* Your instructions
Retype the listing exactly; omit pictures.

* Provided material
↓↓↓

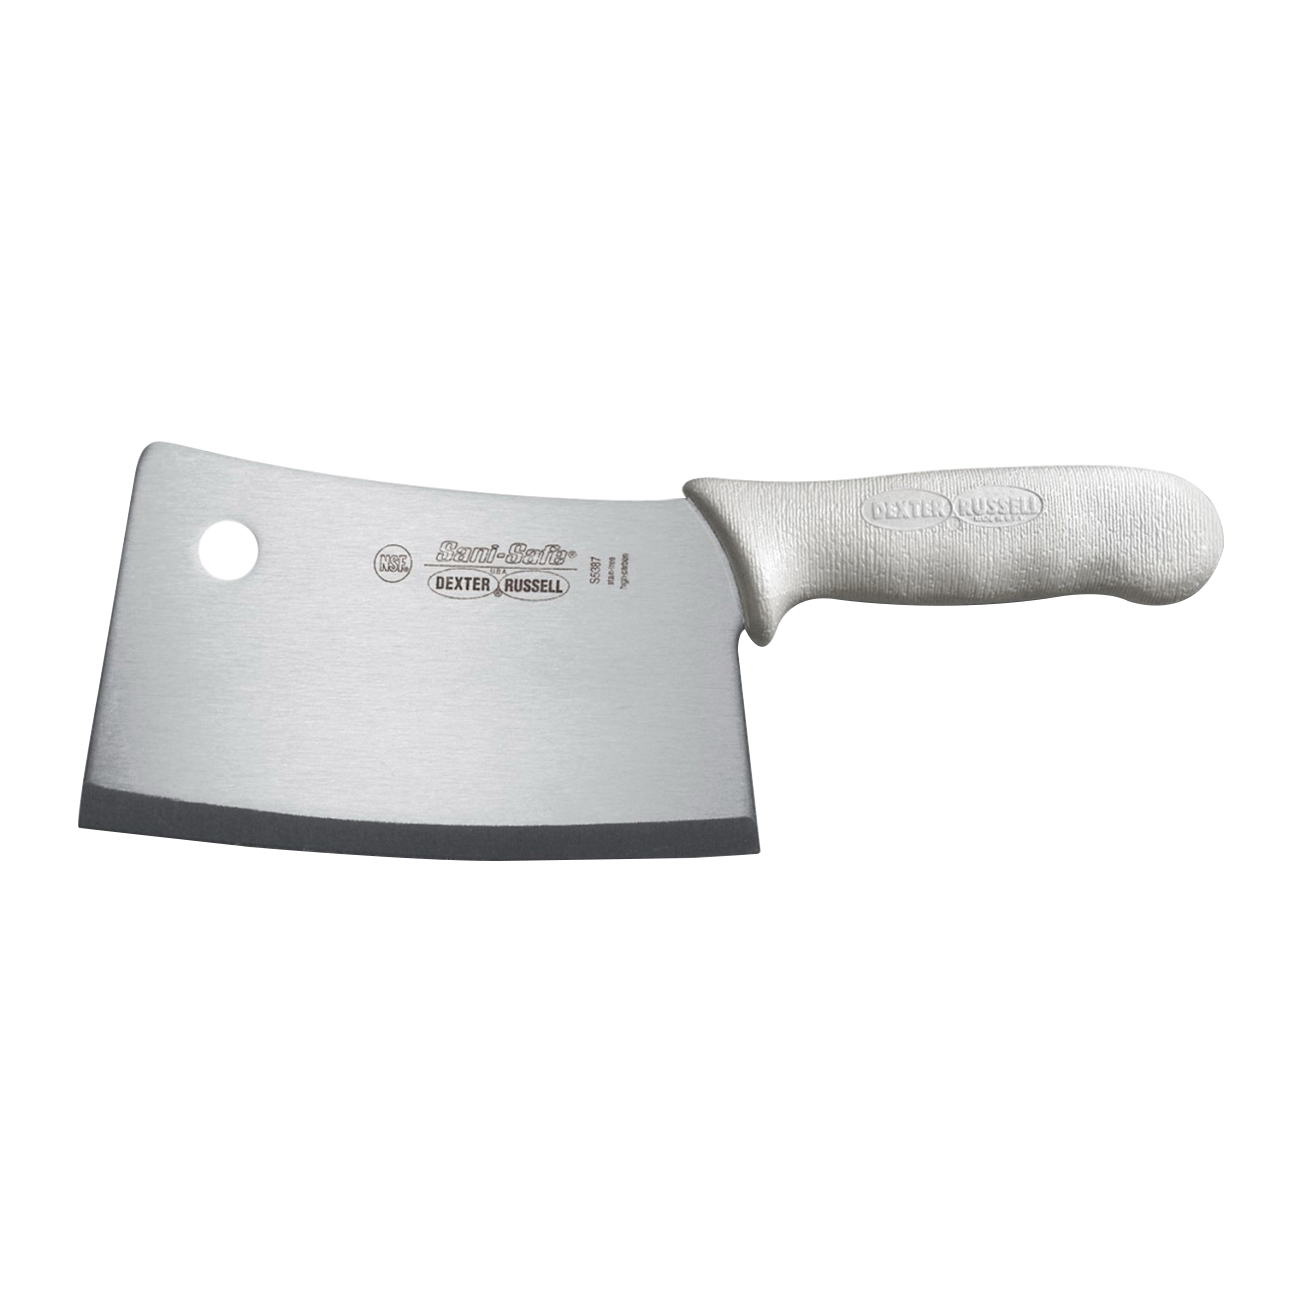 Dexter Rusell Sani-Safe Series S5387-CP Cleaver, 7 in L Blade, HCS Blade, Polypropylene Handle, White Handle
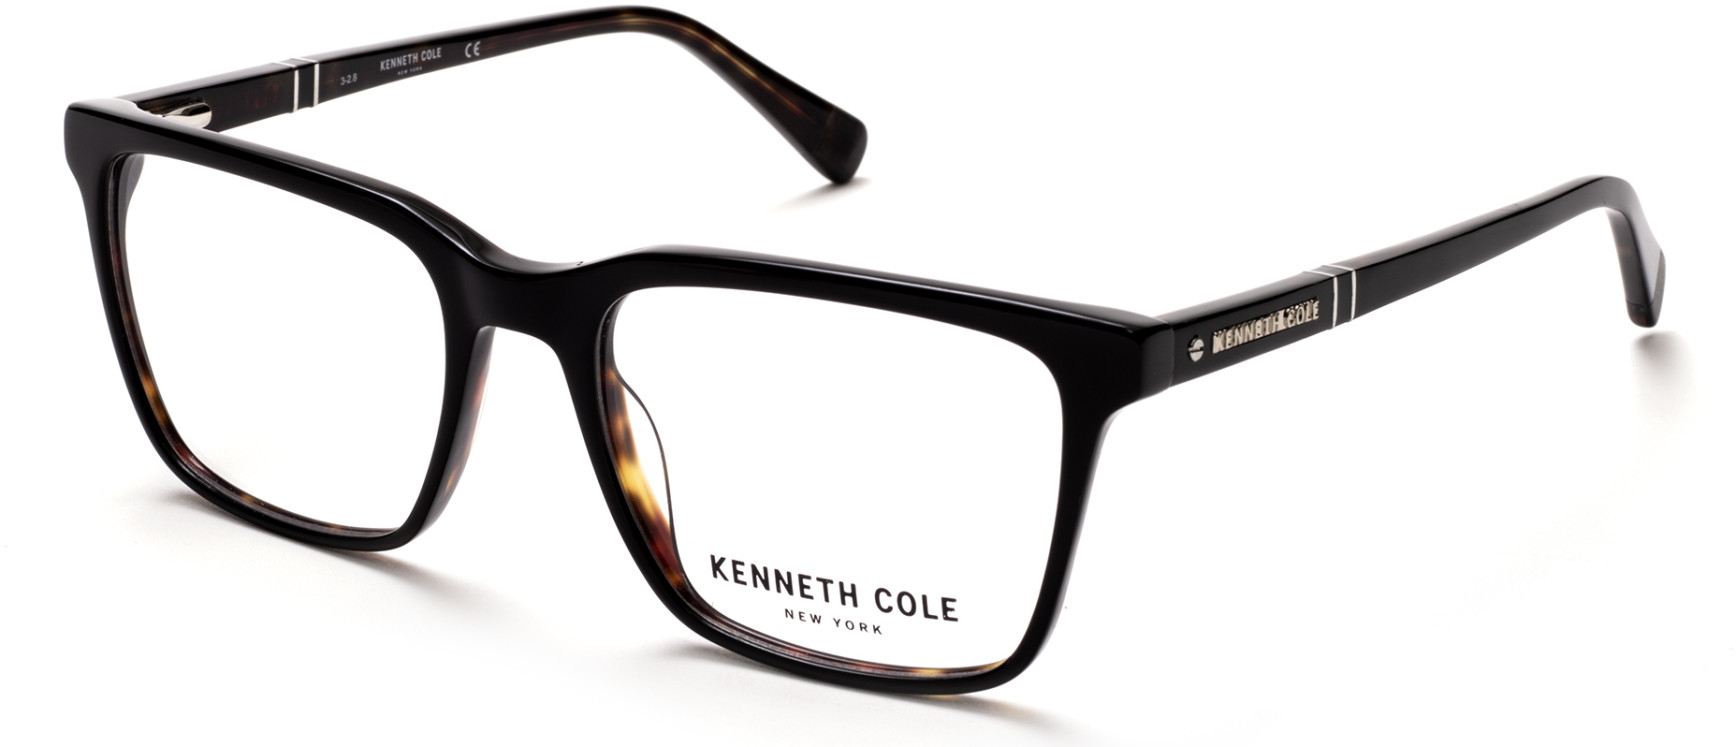 KENNETH COLE NY 0290 005
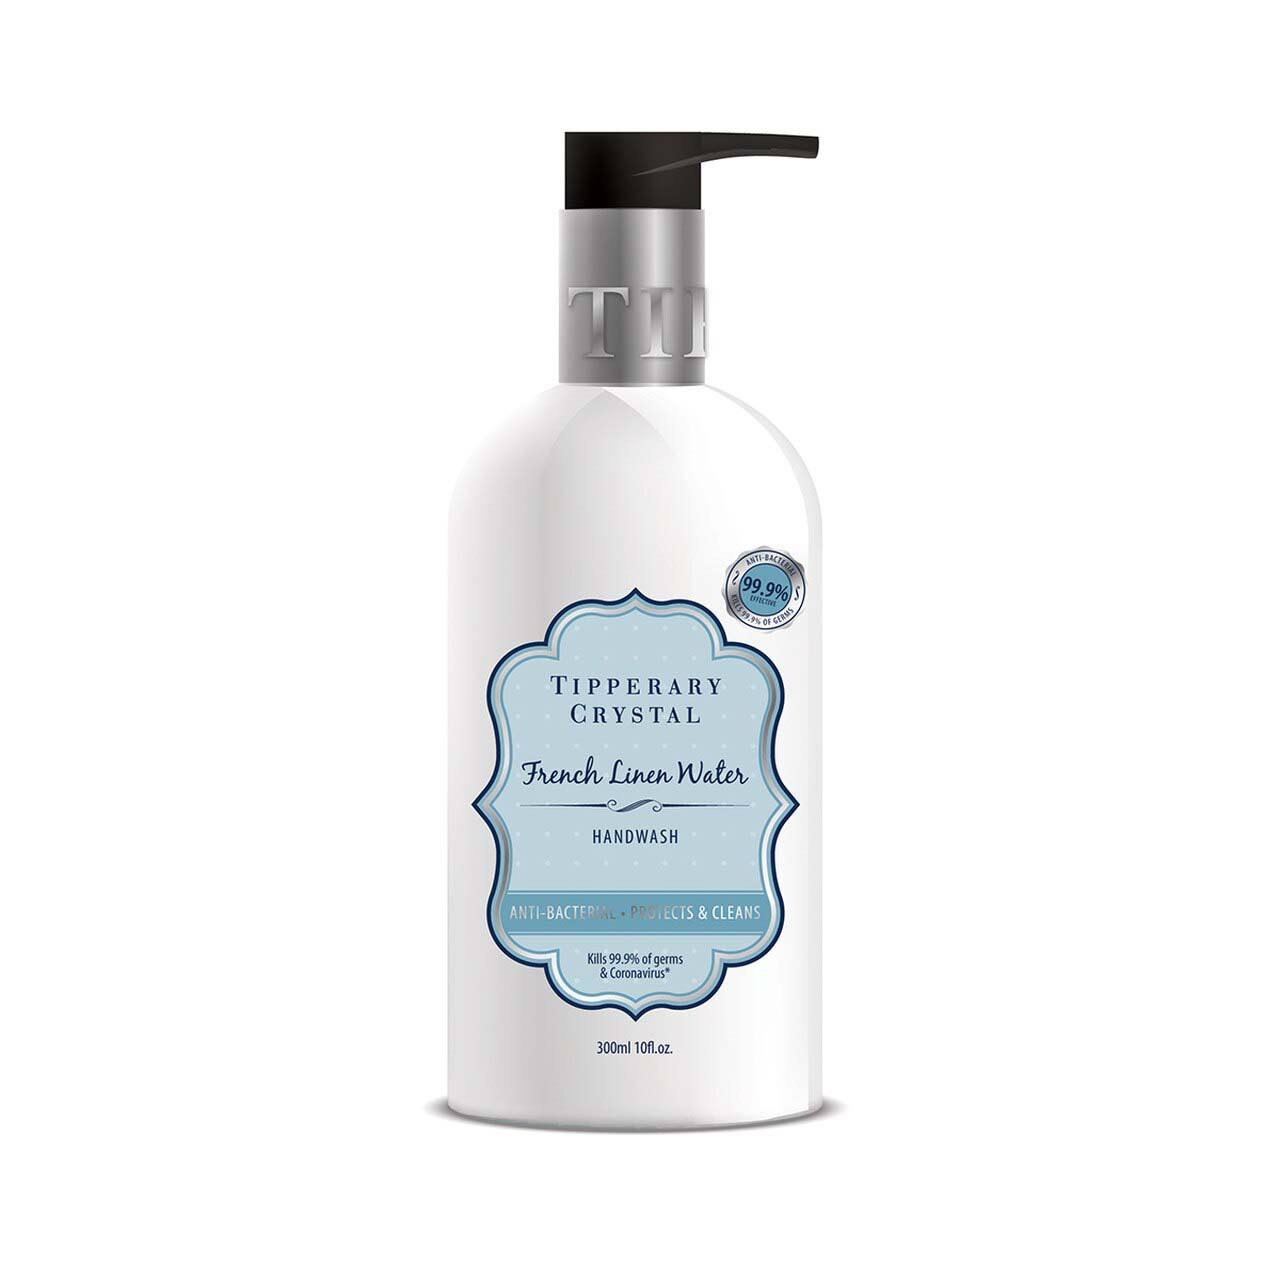 Tipperary Crystal French Linen Water Scented Antibacterial Handwash, 300ml
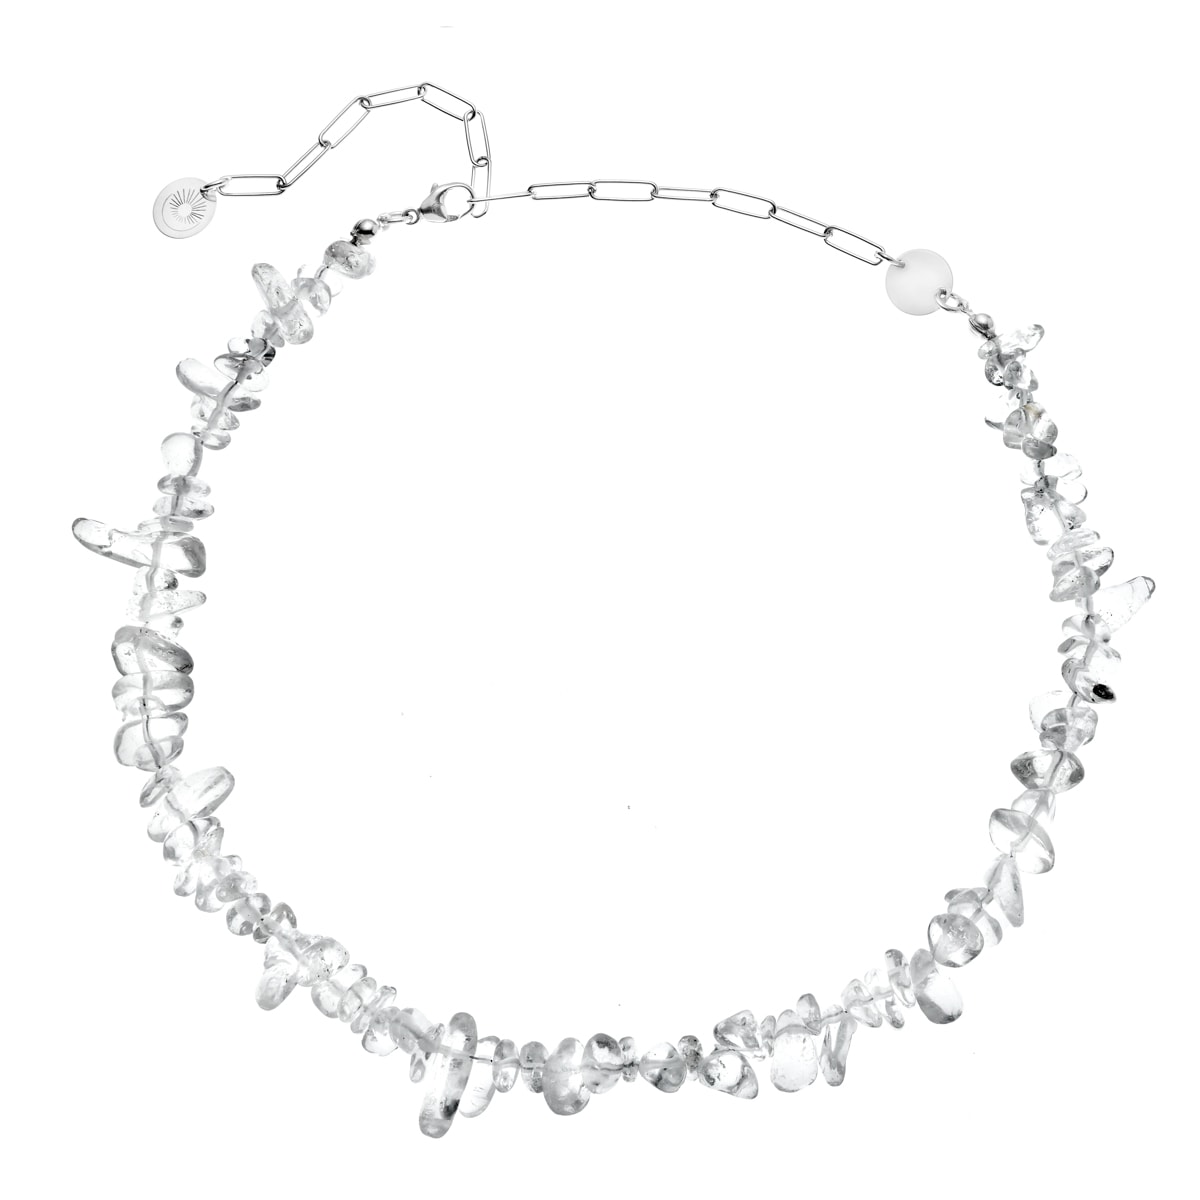 Crystal quartz necklace with silver chain

↑↑↑

* Written reply
 Dexter Rusell Sani-Safe Series S5387-CP Cleaver, 7 in L Blade, HCS Blade, Polypropylene Handle, White Handle
 KENNETH COLE NY 0290 005
 Tipperary Crystal French Linen Water Scented Antibacterial Handwash, 300ml
 Crystal quartz necklace with silver chain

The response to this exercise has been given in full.